Today was a f#$%@#^ nightmare! Started first thing in the morning around 9, our phones lost connection then power (the phones are POE) which was followed by a few people asking is the network down or is the internet down?
So I grabbed my tech bag run to the MDF, once I got there I do a quick visual check to see if the led’s on network gear is flashing which they are so it doesn’t look like anything is locked up or frozen so I then start to console into the gear 1by1 to check logs, test connectivity, run some other tools analyze traffic etc. After doing all those things I proceed to restart those devices 1by1 (had to do this several times) to see if the conditions change at all, after everything comes back up I notice that traffic flows normally for a short amount of time then stops working again. I changed over to hp switches a few months ago which replaced un-managed dell junk, anyway I configured the hp switches in a stacked configuration so I logged to the commander which is located in another building on our campus to see 100% port utilization then the connectivity issues come back. So I ask the network support techs which are standing around me while I’m doing all this troubleshooting (I’ll come back to this because this is a hot button for me) I ask them has anyone made any kind of changes this morning? “I did” said one of the techs….so I ask what did you do? He says “well one of the users called the helpdesk and said they had a computer in their office that couldn't logon to the domain so I went over to check it out and I noticed that the pocket switch that the computer was plugged into was off so I turned it on a little while ago.” I tell him go unplug it right now! And return here afterwards! I manage to get back into the commander to monitor the port utilization and as soon as he unplugs it everything goes back normal. He gets back and I ask him to take me where this pocket switch is located, we get there and I check out the cables to see what goes where then I ask him do you know what a network loop is? He says “sort of…. is that what happen”

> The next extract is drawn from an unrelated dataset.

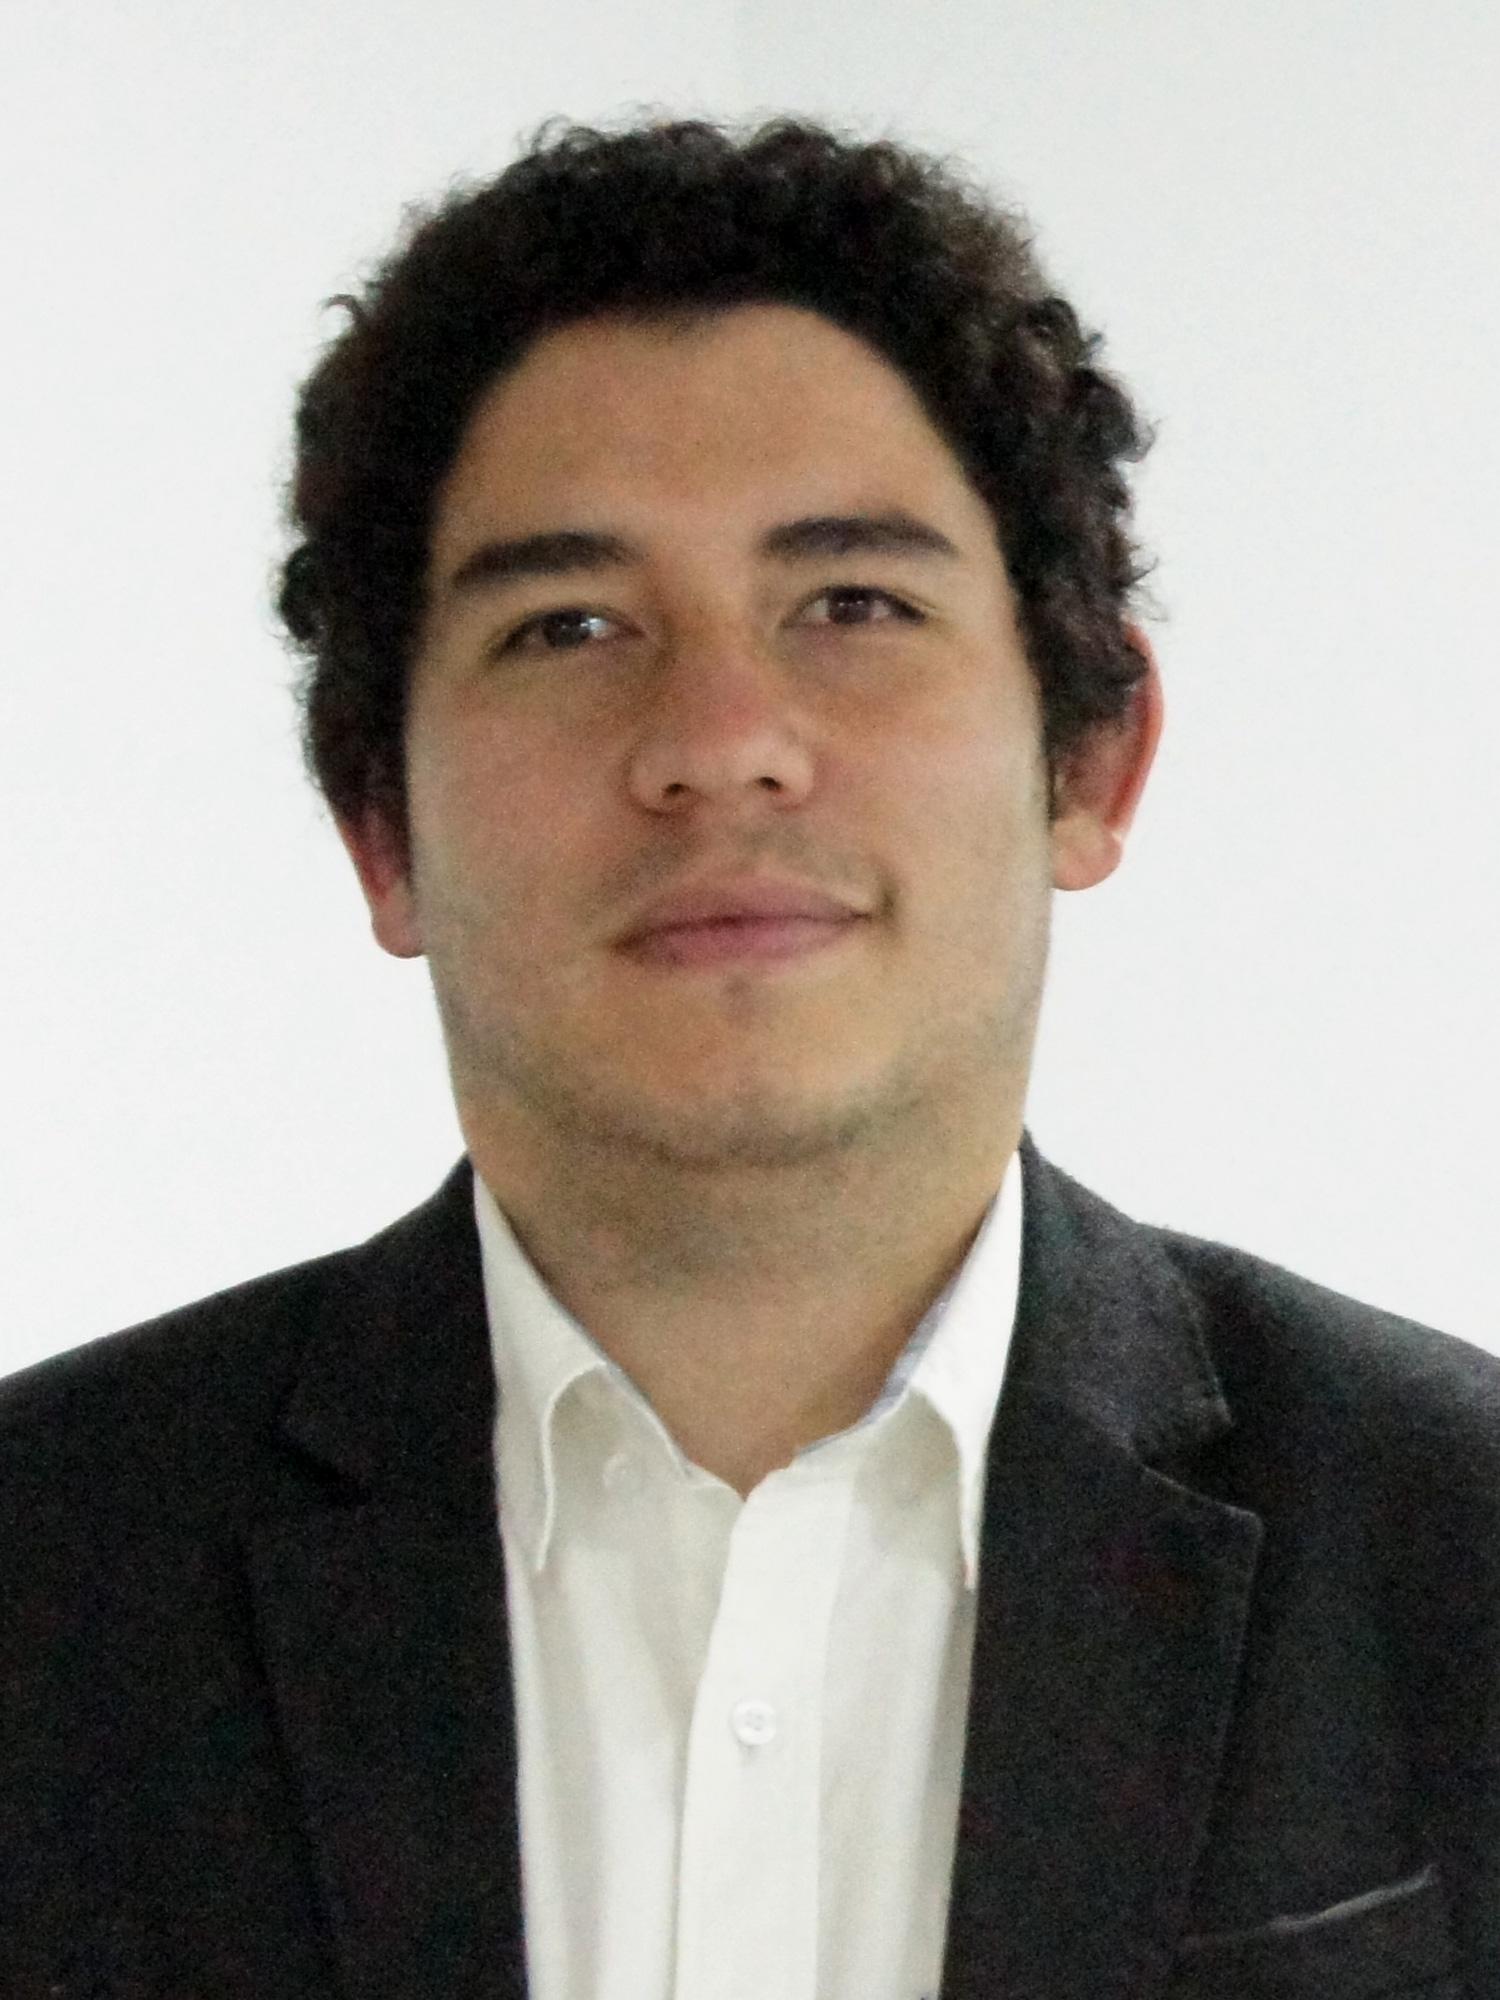 Sebastián Arriaga Herrera

I walk away at that point because I’ve had enough. I seek out the IT Director and bring him up to speed on what occurred then I tell him I want change control or the rest of these guys can’t touch any components of the network anymore! He goes “I think we should have an internal meeting to discuss what happened and how it was fixed” I respond that’s crazy…why should we do that? If they don’t’ know anything about network loops they should be computer technician’s. He then say’s “well if you feel we really need change control then implement it.”

After all that (Network being down for a few hours) I take some time to think…it’s so much to do here server upgrades, data migrations, an ASA that hasn’t seen a software upgrade in 7yrs (security risk) and it’s all on my shoulders. Last year 10 major infrastructure projects all done by myself and another 12 I have planned for this year but I’m starting to question myself, if I should be here? Should I be working as hard as I do? Having a good team is priceless and these guys don’t offer to contribute to any projects or any troubleshoot anything they just stand around and stare at me.

What would you guys do?

PS, yes I know my grammar probably sucks. So no need to point it out.


Oedipus

join:2005-05-09
kudos:1

Couple things.

1. Having myself been the troubleshooter on the end of a switch loop, the problem should have been immediately obvious (to you, I must emphasize) based on the lights on the switches. Depending on how many ports you're working with, start unplugging them one by one. Eventually, you'll unplug the problem port and all of the lights will settle down.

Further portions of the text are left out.